This case study presents a 50-year-old woman who developed sustained grade 4 thrombocytopenia after adjuvant ado-trastuzumab emtansine (T-DM1) therapy. The thrombocytopenia was refractory to standard treatments but stabilized with romiplostim, highlighting the need for individualized management in such cases.

Background

Ado-trastuzumab emtansine (T-DM1) is a key treatment for HER2-positive early breast cancer, particularly after neoadjuvant therapy. Thrombocytopenia is a known side effect of T-DM1, with severe cases being uncommon and challenging to manage.

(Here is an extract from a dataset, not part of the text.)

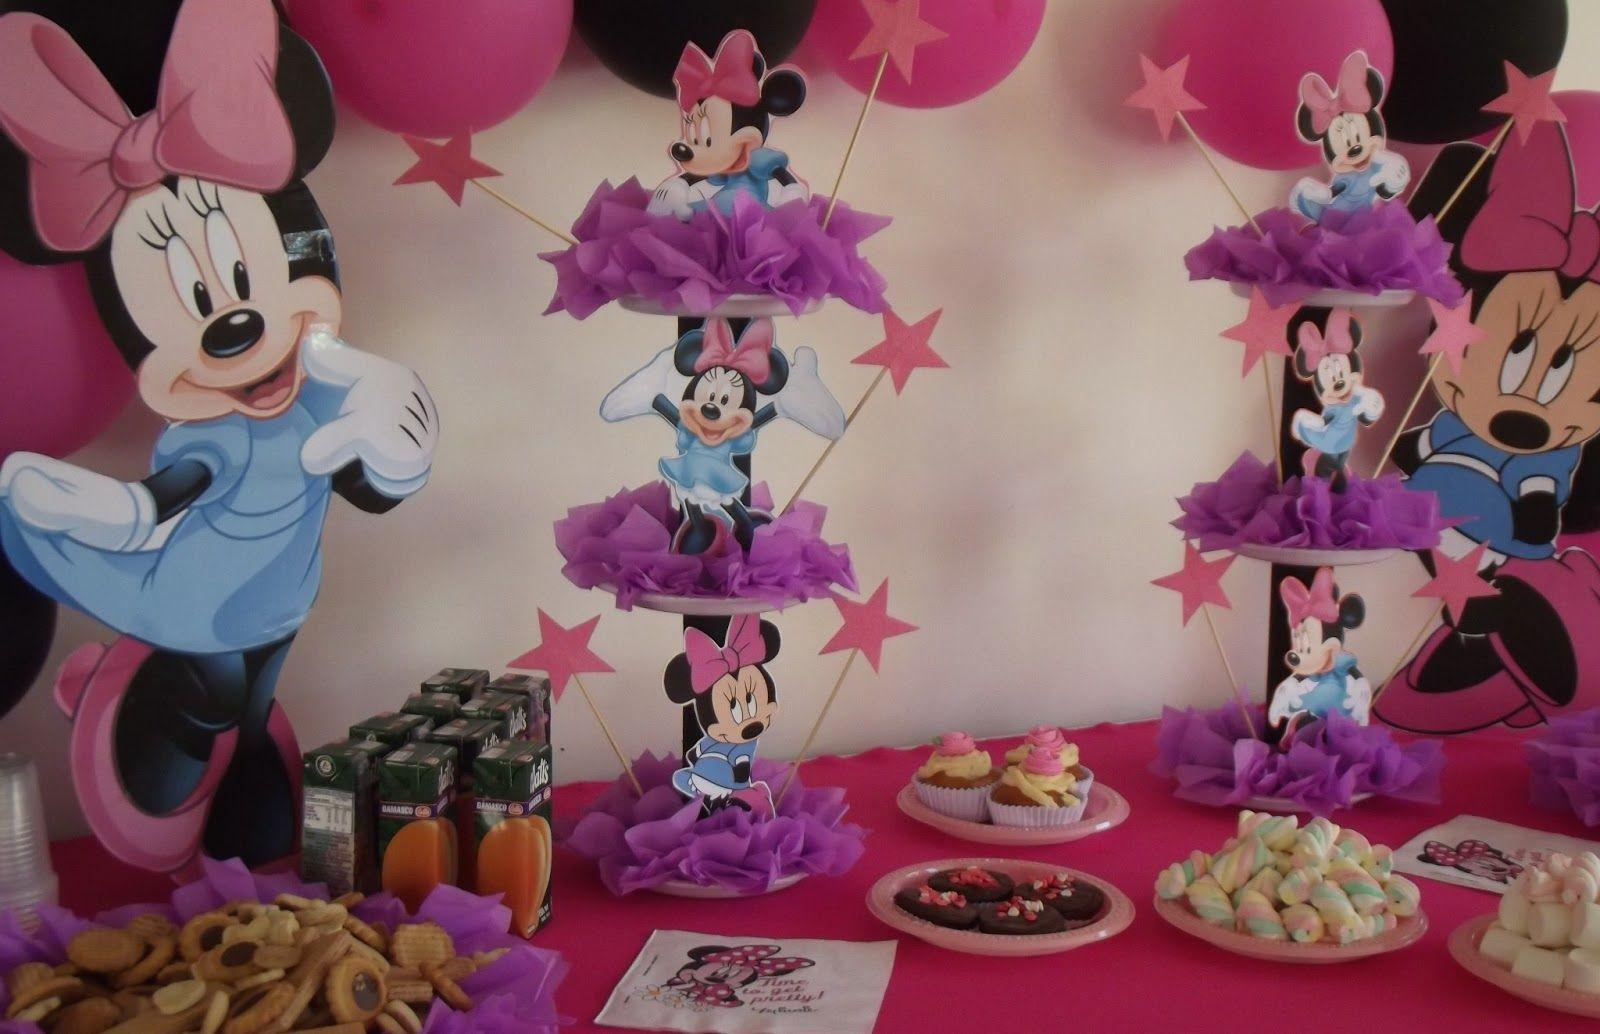 Decoraciones infantiles decoraciones para fiestas infantiles party decor with styrofoam and - Decoracion fiesta navidad ...

Understanding the mechanisms and management strategies for this adverse effect is crucial for optimizing patient care.

Data Highlights

No numerical data or trial data was provided in the source material.

Key Findings

  • A 50-year-old woman developed sustained grade 4 thrombocytopenia after three cycles of adjuvant T-DM1.
  • Thrombocytopenia was refractory to recombinant human thrombopoietin and hetrombopag treatments.
  • Sequential bone marrow evaluations indicated megakaryocytic maturation impairment.
  • Romiplostim allowed for long-term stabilization of platelet counts.
  • Further anti-HER2 therapy was withheld due to severely compromised thrombopoietic reserve.

Clinical Implications

This case emphasizes the importance of monitoring platelet counts in patients receiving T-DM1 and the potential role of romiplostim in managing severe thrombocytopenia. Clinicians should consider individualized treatment approaches for patients with refractory thrombocytopenia.

Conclusion

The occurrence of severe non-cyclic thrombocytopenia during HER2-directed ADC therapy necessitates careful evaluation and management. This case contributes to the understanding of thrombocytopenia in the context of T-DM1 treatment.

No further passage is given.